04/04/2005, 00.00
INDONESIA - VATICANO

Indonesia remembers the Pope of dialogue and tolerance

by Mathias Hariyadi
He never ceased praying for us after the tsunami tragedy, says the Archbishop of Jakarta.

Jakarta (AsiaNews) – Indonesia, the world's most populous Muslim nation, will remember Pope John Paul II as a "missionary" who preached peace, dialogue and tolerance.

Card Julius Darmaatmadja, Archbishop of Jakarta and chairman of the Conference of Bishops' of Indonesia (KWI), celebrated last night a mass for the Pontiff's soul in Jakarta's cathedral before leaving for Rome to participate in the next conclave.

Speaking about the Pope's special relationship to Indonesia during the religious service, the Cardinal recalled the Pope's love "not only for Catholics but also for the faithful of other religions".

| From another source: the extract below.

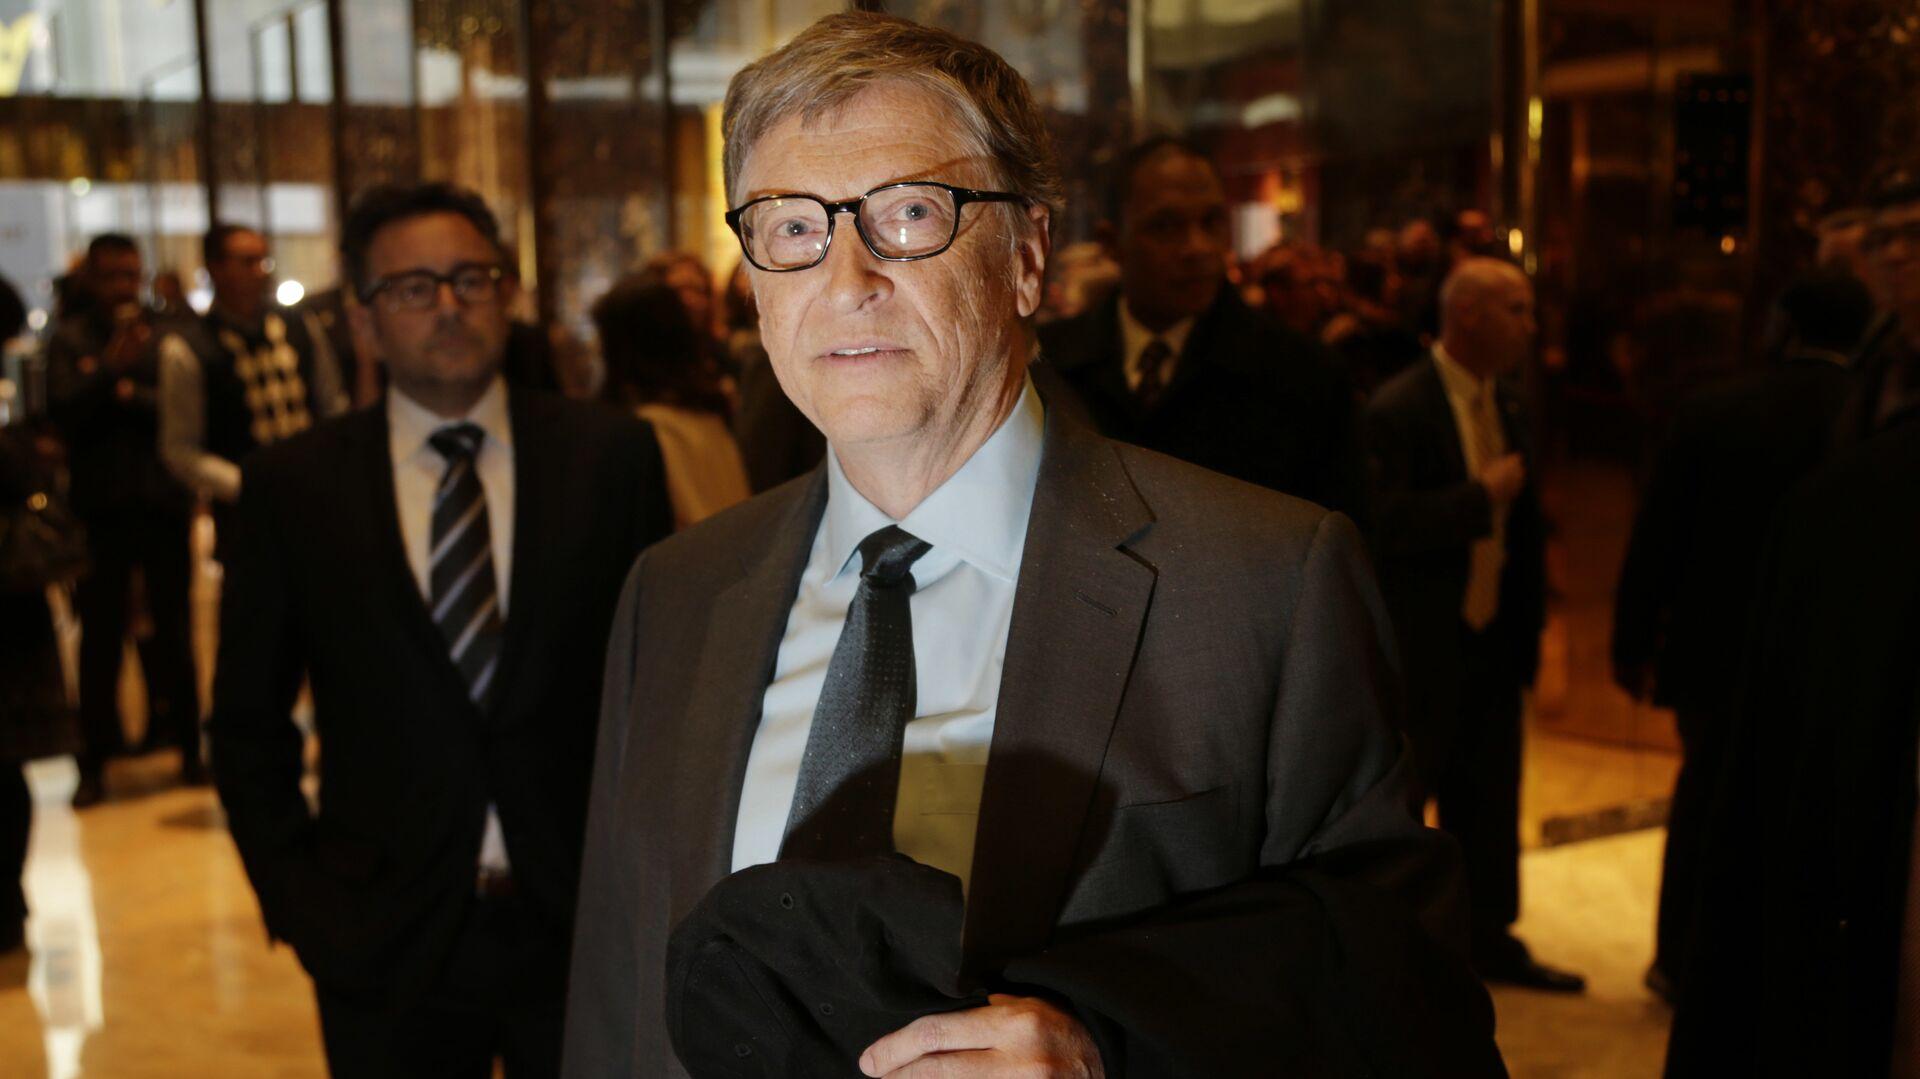 Bill Gates talks to reporters in the lobby of Trump Tower in New York, Tuesday, Dec. 13, 2016 - Sputnik Mundo, 1920, 17.05.2021

He told the congregation not be sad. "He was a man of mission who cared about Indonesia and never ceased praying for us, in particular after the tsunami that devastated Aceh and Nias," the Cardinal said.

Thousands attended yesterday's function; hundreds sitting in the streets around the jam-packed cathedral, many coming from neighbouring parishes outside of Jakarta like Bekasi, Bogor, Tangerang and Banten.

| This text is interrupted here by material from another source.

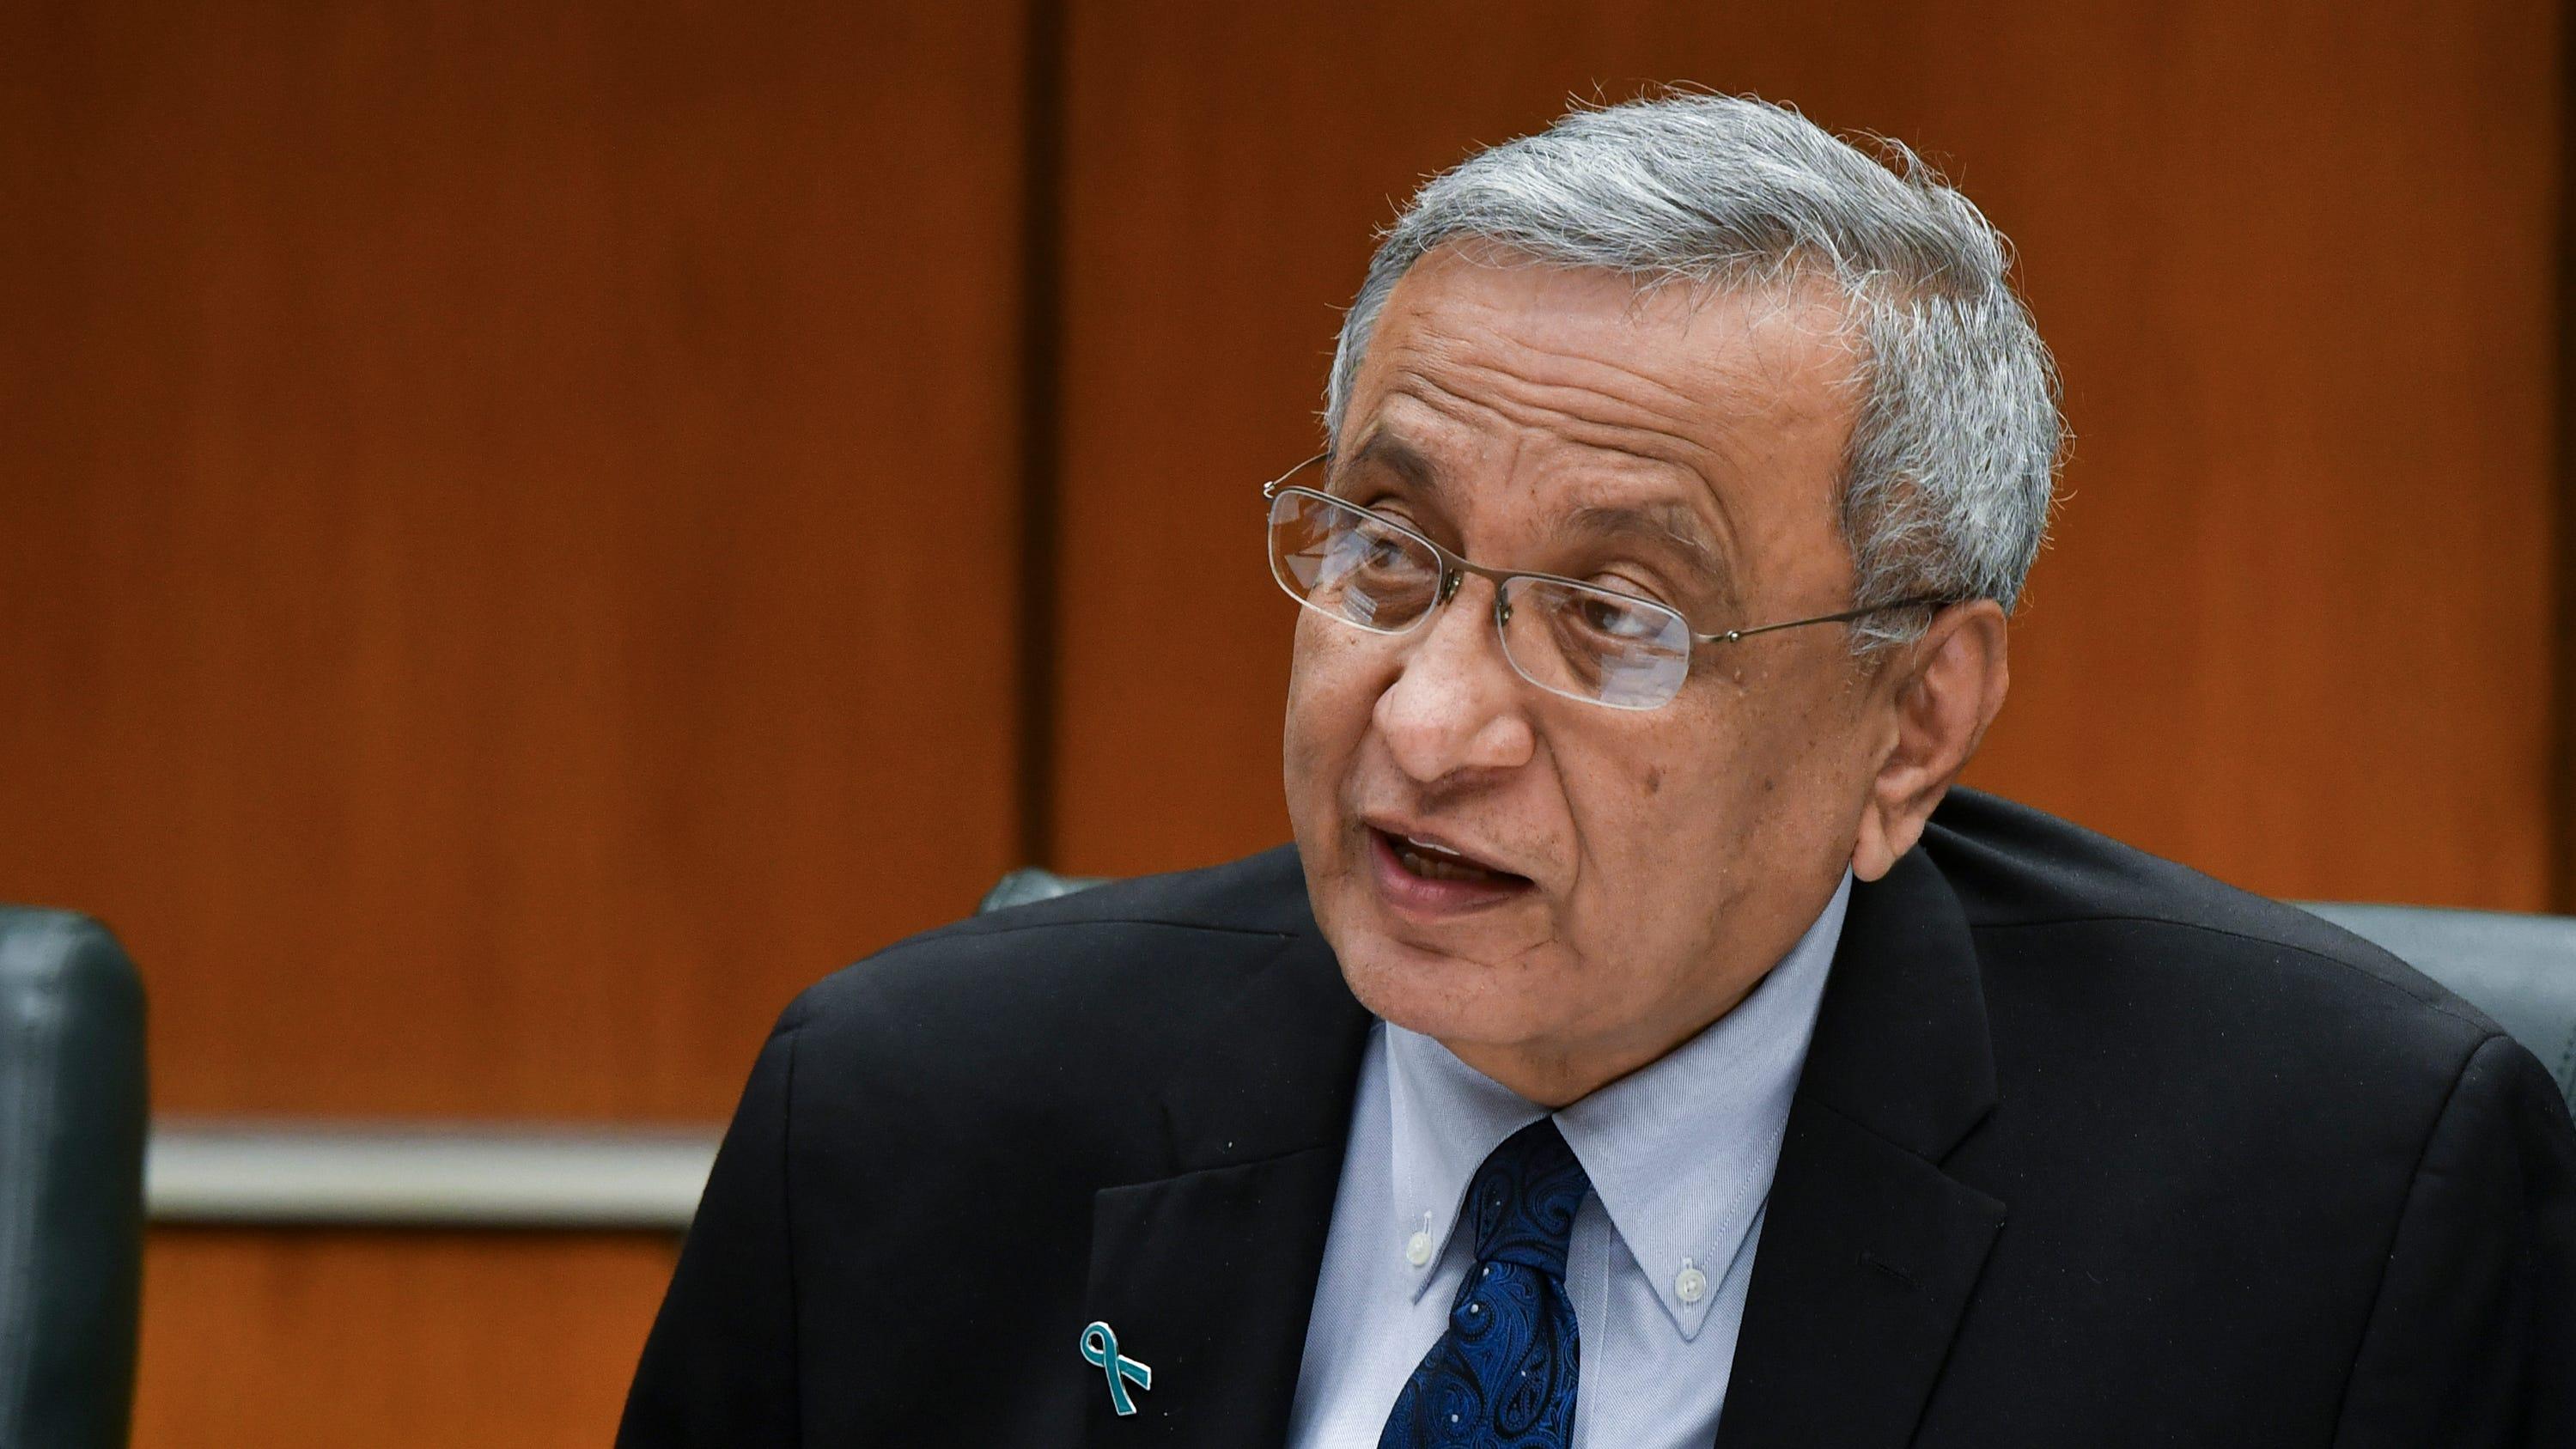 MSU interim President apologizes to Nassar victims

A profusion of comments and memories have come out of Indonesia in the wake of the death of Pope John Paul II.

Father Ismartono, director of the KWI's Crisis Centre, said that the Indonesian Church will remember the Holy Father as "the Church's friendly face, someone who cherished the values of dialogue, peace and tolerance."

Indonesian President Susilo Bambang shares that opinion. "The Pontiff," he said, "was on the forefront of the struggle on behalf of the poor" and committed to "the promotion of tolerance and inter-faith dialogue".

Many Indonesian Catholics remember the Pope most fondly when, in 1989, he addressed a crowd of 130,000 people in Jakarta's National Stadium in Indonesian (Bahasa Indonesia)

A woman who attended the mass at the Senayan sport stadium recalls how John Paul II exuded energy. "His face and his movements expressed the love for Christ," she said.